It was all intended to show that the Tories are finally moving into the 21st century. If less than subtle, it worked. They unveiled a new logo, a decent new slogan, "Ontario can lead again," and various social networking strategies. They generated news stories about Mr. Hudak becoming the first Canadian politician with an iPhone application. They even managed to spin a narrow by-election loss in Ottawa West-Nepean - a riding they'd have to win in a general election if they were on track to form government - into a positive.

Perhaps most encouraging for the Tories is who was behind the spiffy packaging.

It's been the better part of two decades since a new generation of Tory strategists ushered in Mr. Harris's Common Sense Revolution. But the Conservative backrooms have been an increasingly desolate place since then, and for a time it seemed likely that Mr. Hudak - a very young minister in Mr. Harris's governments - would just try to get the band back together.

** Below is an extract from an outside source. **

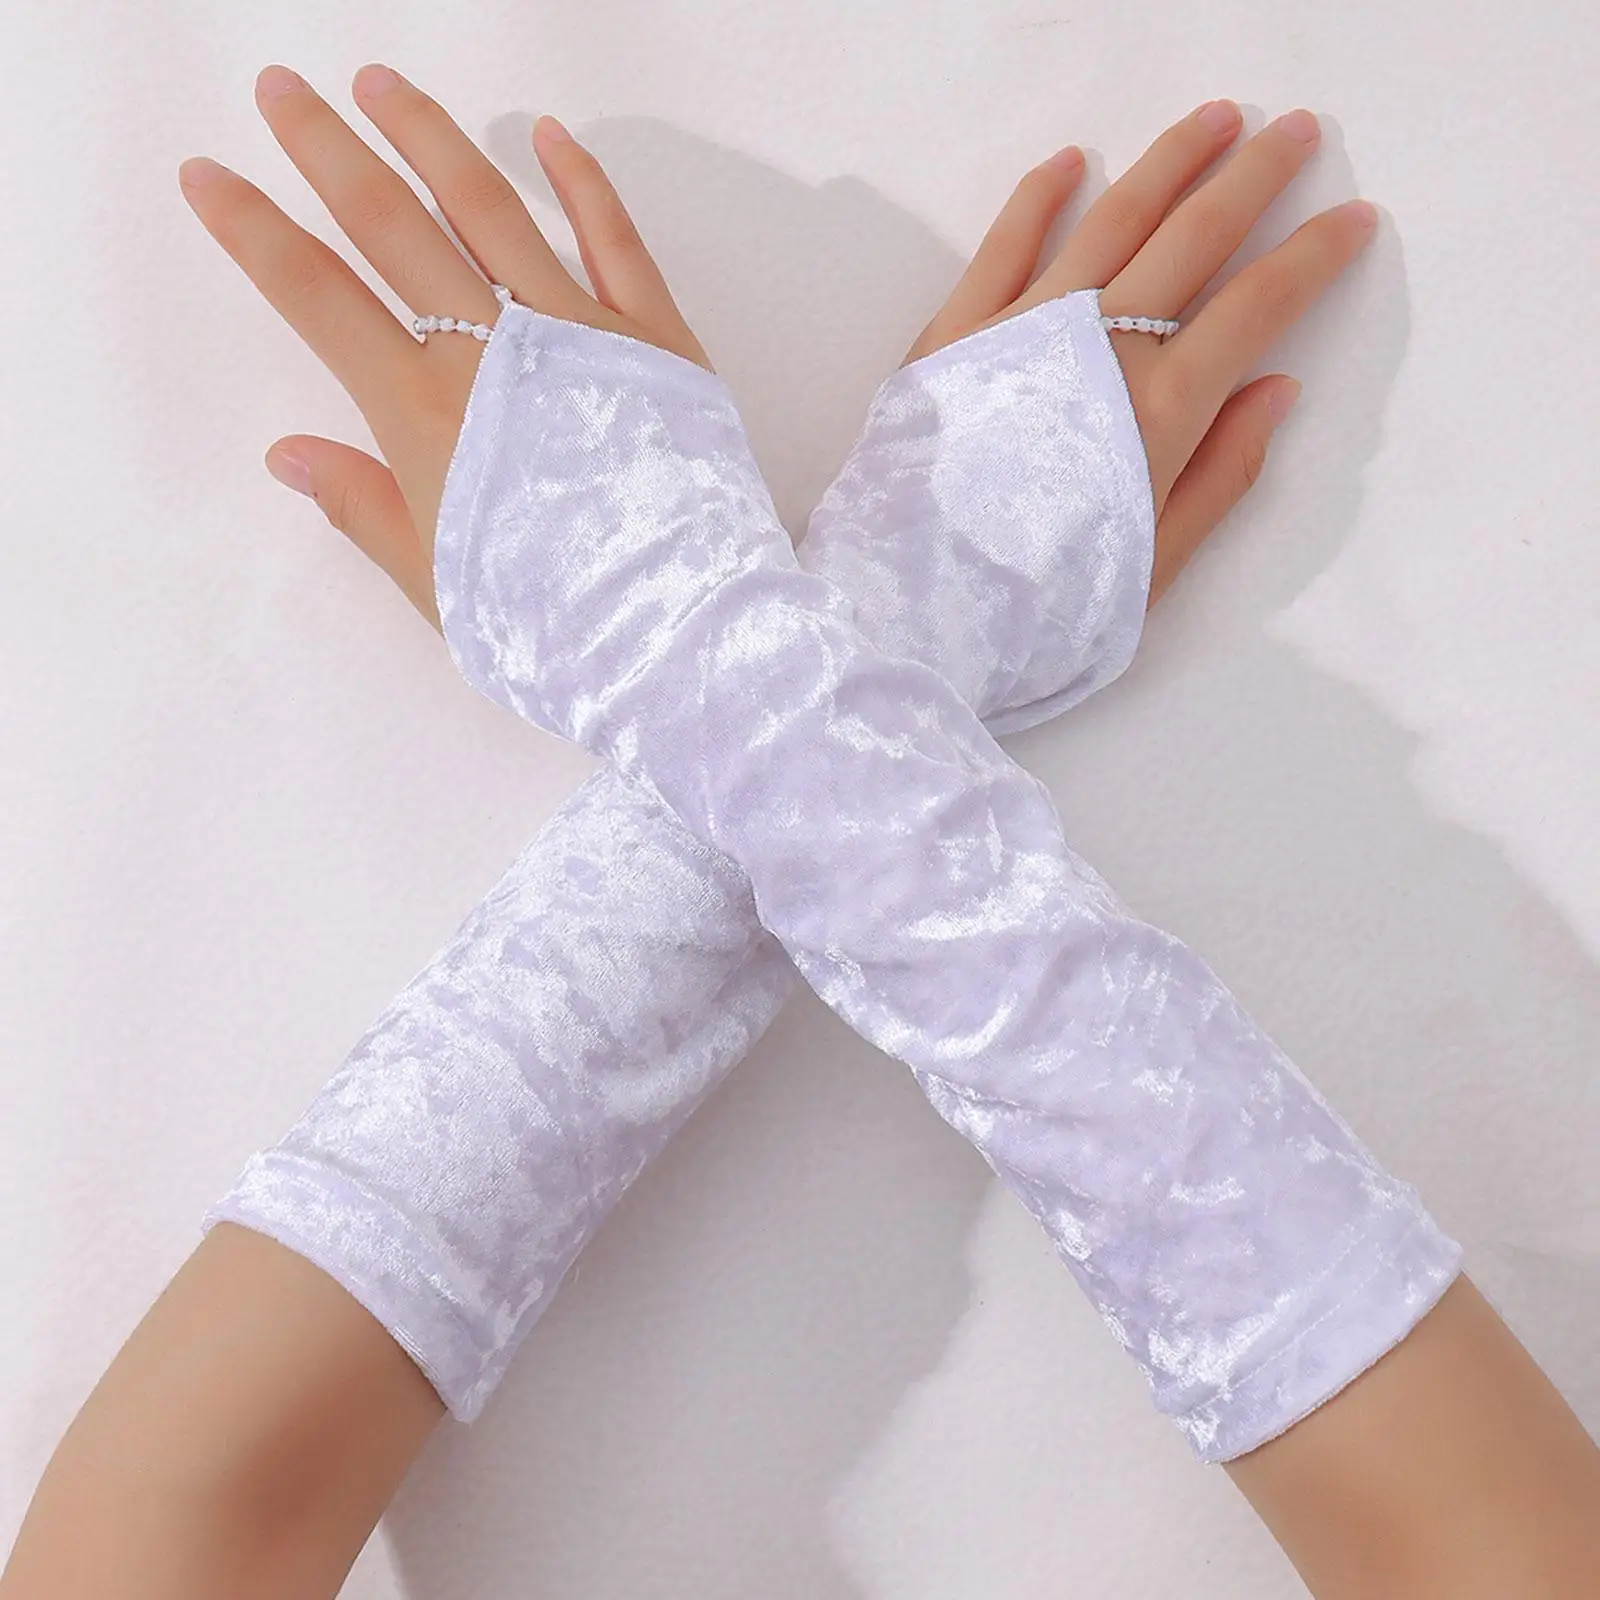 Classic Fingerless Gloves Arm Warmers Sun Protection Costume Accessory Soft Women Arm Sleeves for Outdoor Activities Party

Harris-era heavyweights such as Tom Long and Leslie Noble are certainly more engaged now than they were under John Tory, Mr. Hudak's predecessor. So is Deb Hutton, a former senior staffer for Mr. Harris who happens to be Mr. Hudak's wife. But it's a younger wave of Tories - led by Mark Spiro, who ran Mr. Hudak's leadership campaign - that will be shouldering the load in the next election.

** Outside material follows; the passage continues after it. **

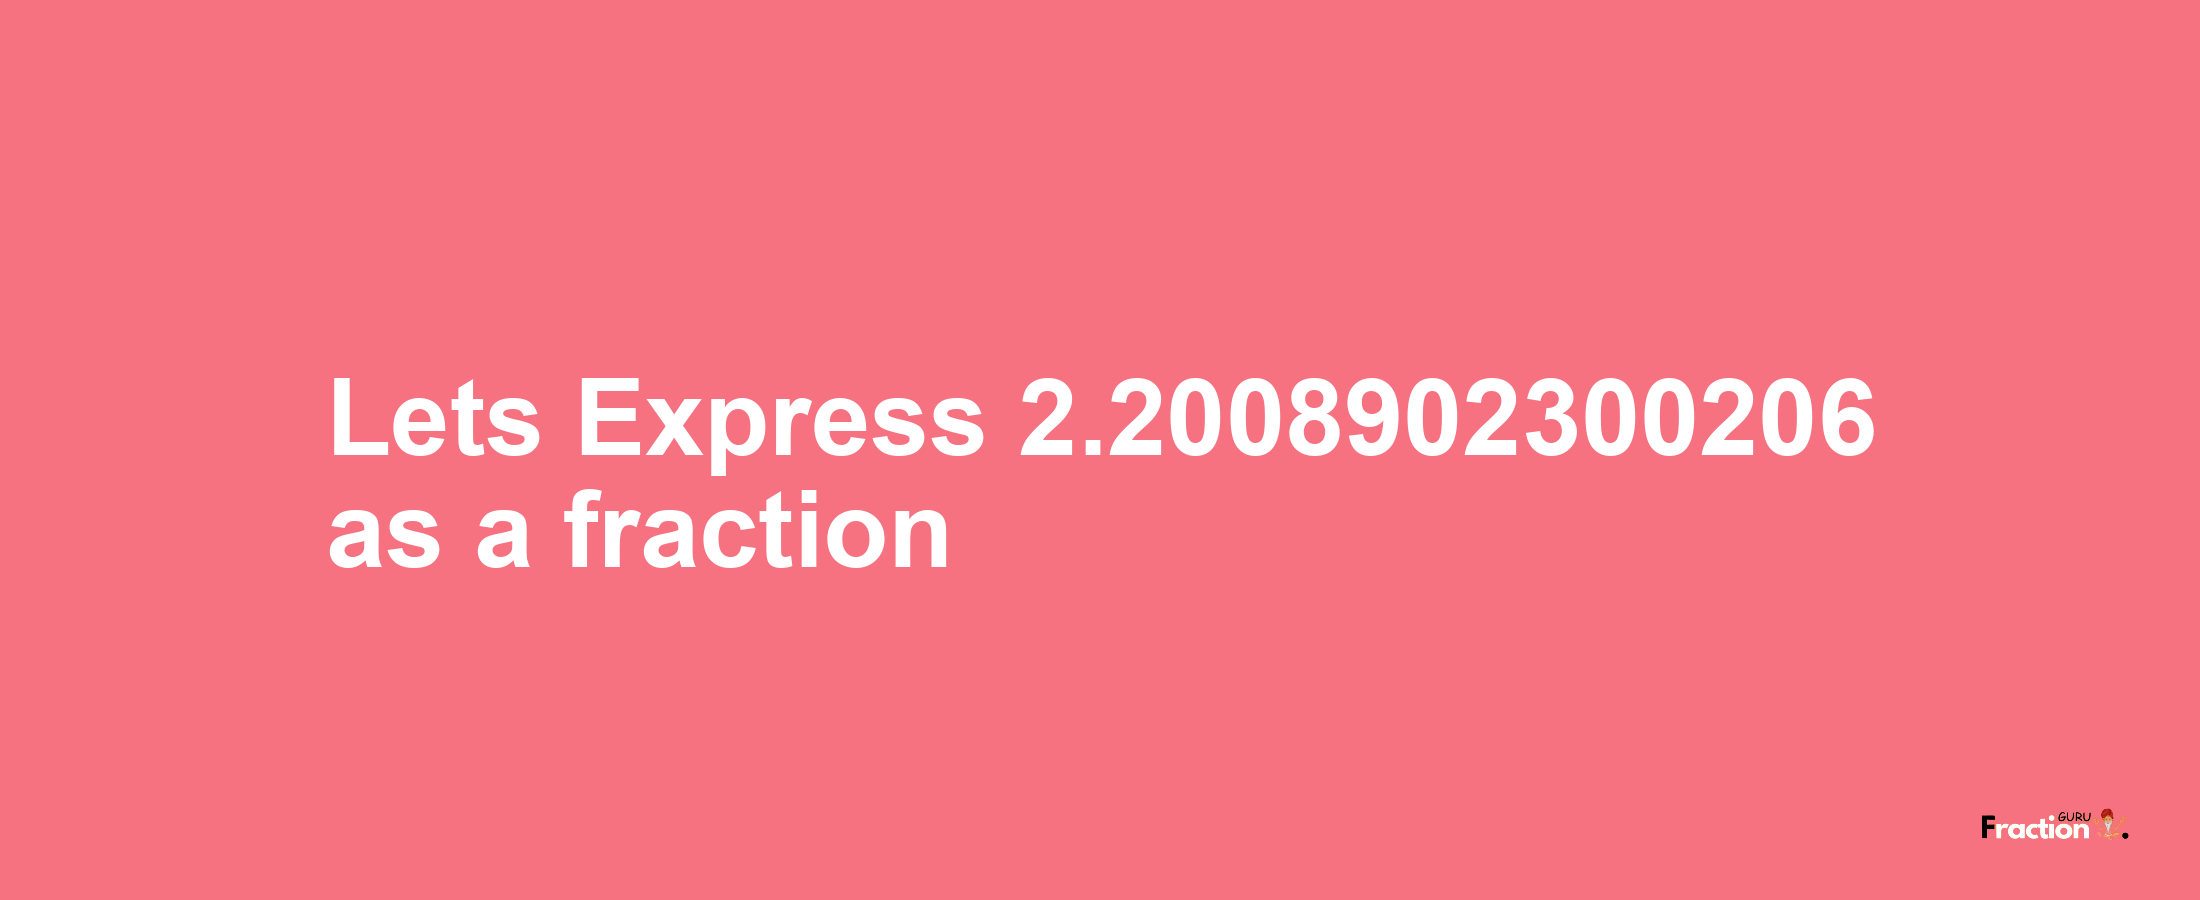 Lets Express 2.2008902300206 as afraction

Their fingerprints were all over the convention, including a slick election-readiness presentation that went beyond the usual incitements to riding-level activism. They were walking around like they owned the place, and the party's new-found professionalism suggests that's a good thing.

But they surely know that what they own remains a fixer-upper. And they've only just started the work.

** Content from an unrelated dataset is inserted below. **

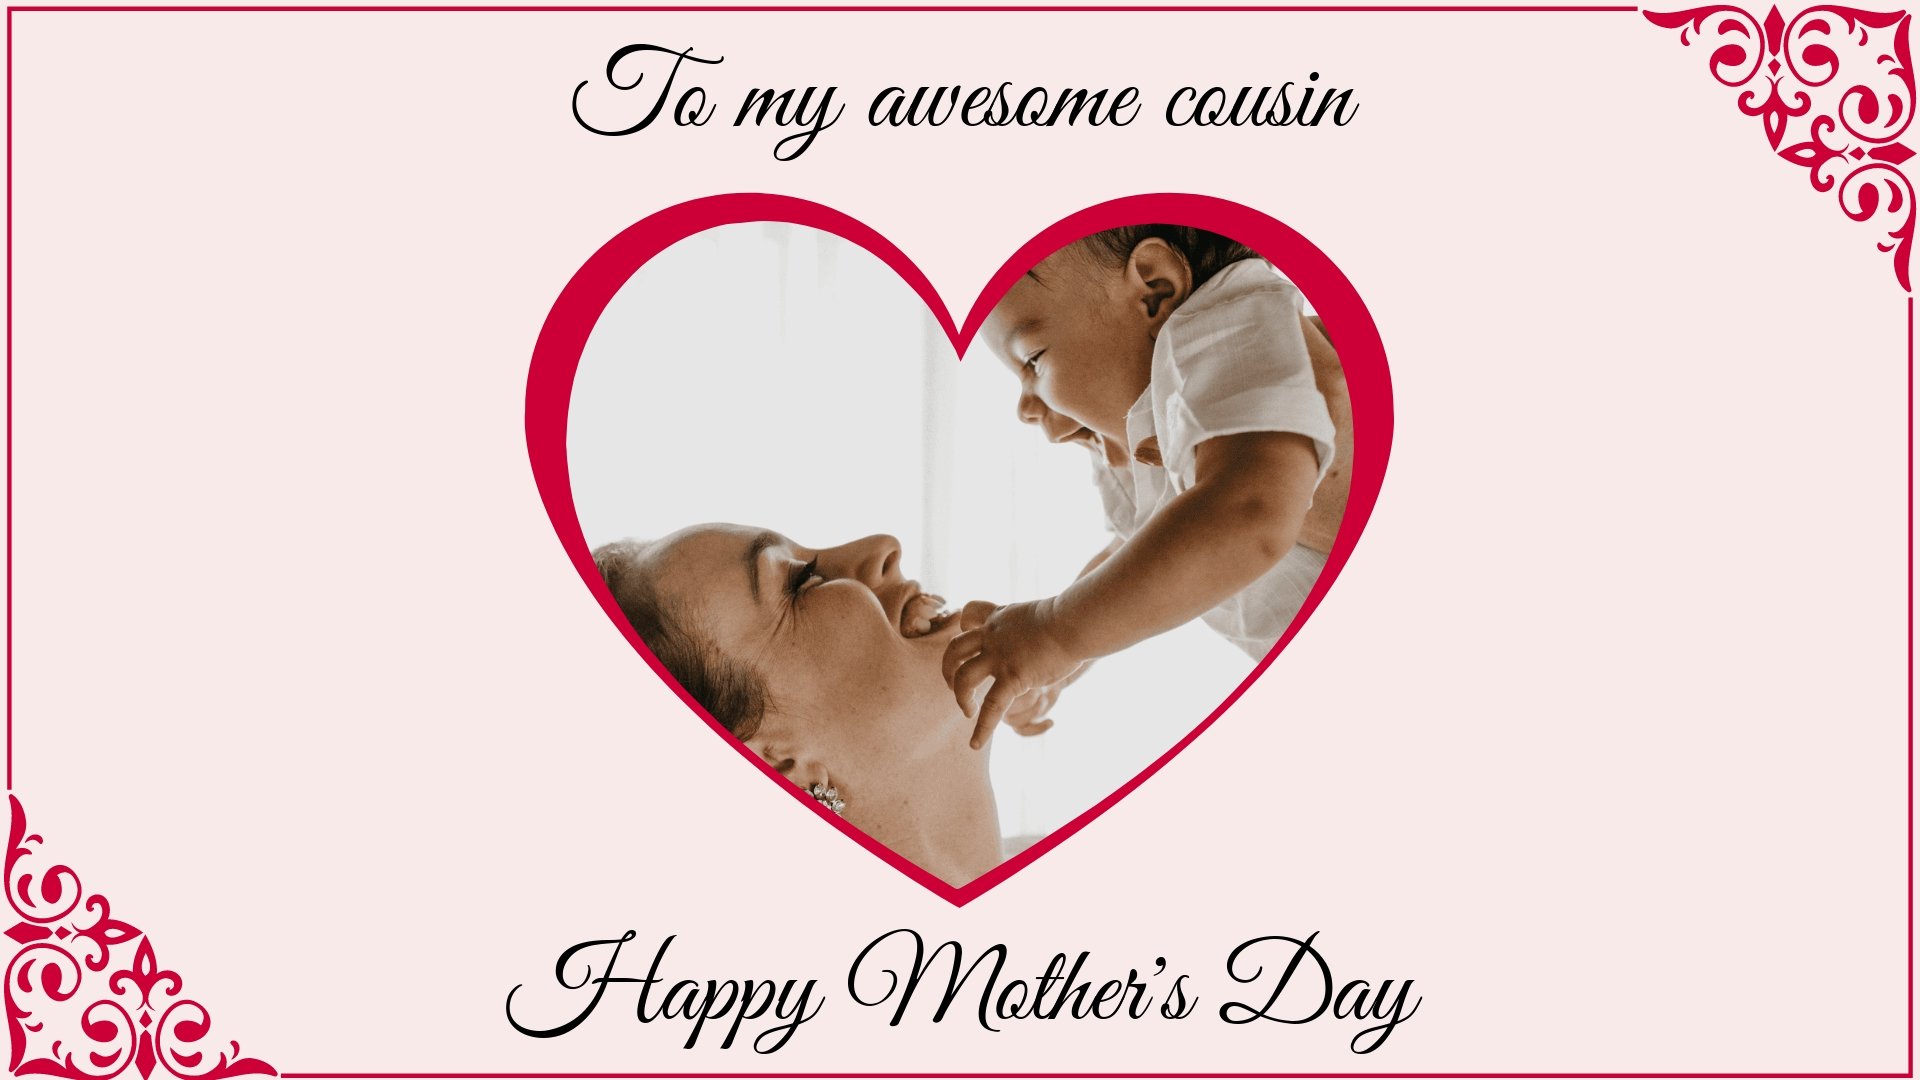 Happy Mother's Day Cousins Image

Impressing card-carrying Conservatives was one thing. Appealing to the general electorate is another. And the weekend's centrepiece event, Mr. Hudak's keynote address, was a perfect mark of where they're at.

The presentation was flawless, including a high-adrenalin entrance to an Arcade Fire song. So was Mr. Hudak's delivery, other than his habit of occasionally smirking after applause lines.

It was the speech his audience wanted to hear, a rallying cry against the evils of the governing Liberals. But it didn't say much to the people for whom "McGuinty" is not an inherently bad word. Outside of platitudes about better health care and education, a more competitive business environment and greater accountability, Mr. Hudak made little effort to explain what he would do differently.

Nobody expected Mr. Hudak to unveil his platform this weekend, and he needn't do so for a while. But post-convention, he's past the point where it's enough to be better than John Tory; he now needs to be better than Dalton McGuinty.

It's going to be a tough slog on the policy front, because there's limited room for manoeuvring. With a big deficit, it's hard to promise tax cuts, which would be Mr. Hudak's preference. And if the Liberals veer rightward - which they have with the harmonized sales tax, and may again with some manner of privatization - it's hard for the Tories to oppose them without either seeming hypocritical or being pushed to the margins.

In terms of image construction, and his own performance, Mr. Hudak is further along the curve than most leaders less than a year in. But soon, the bright minds around him will need to shift their focus to policy. So begins the hard part.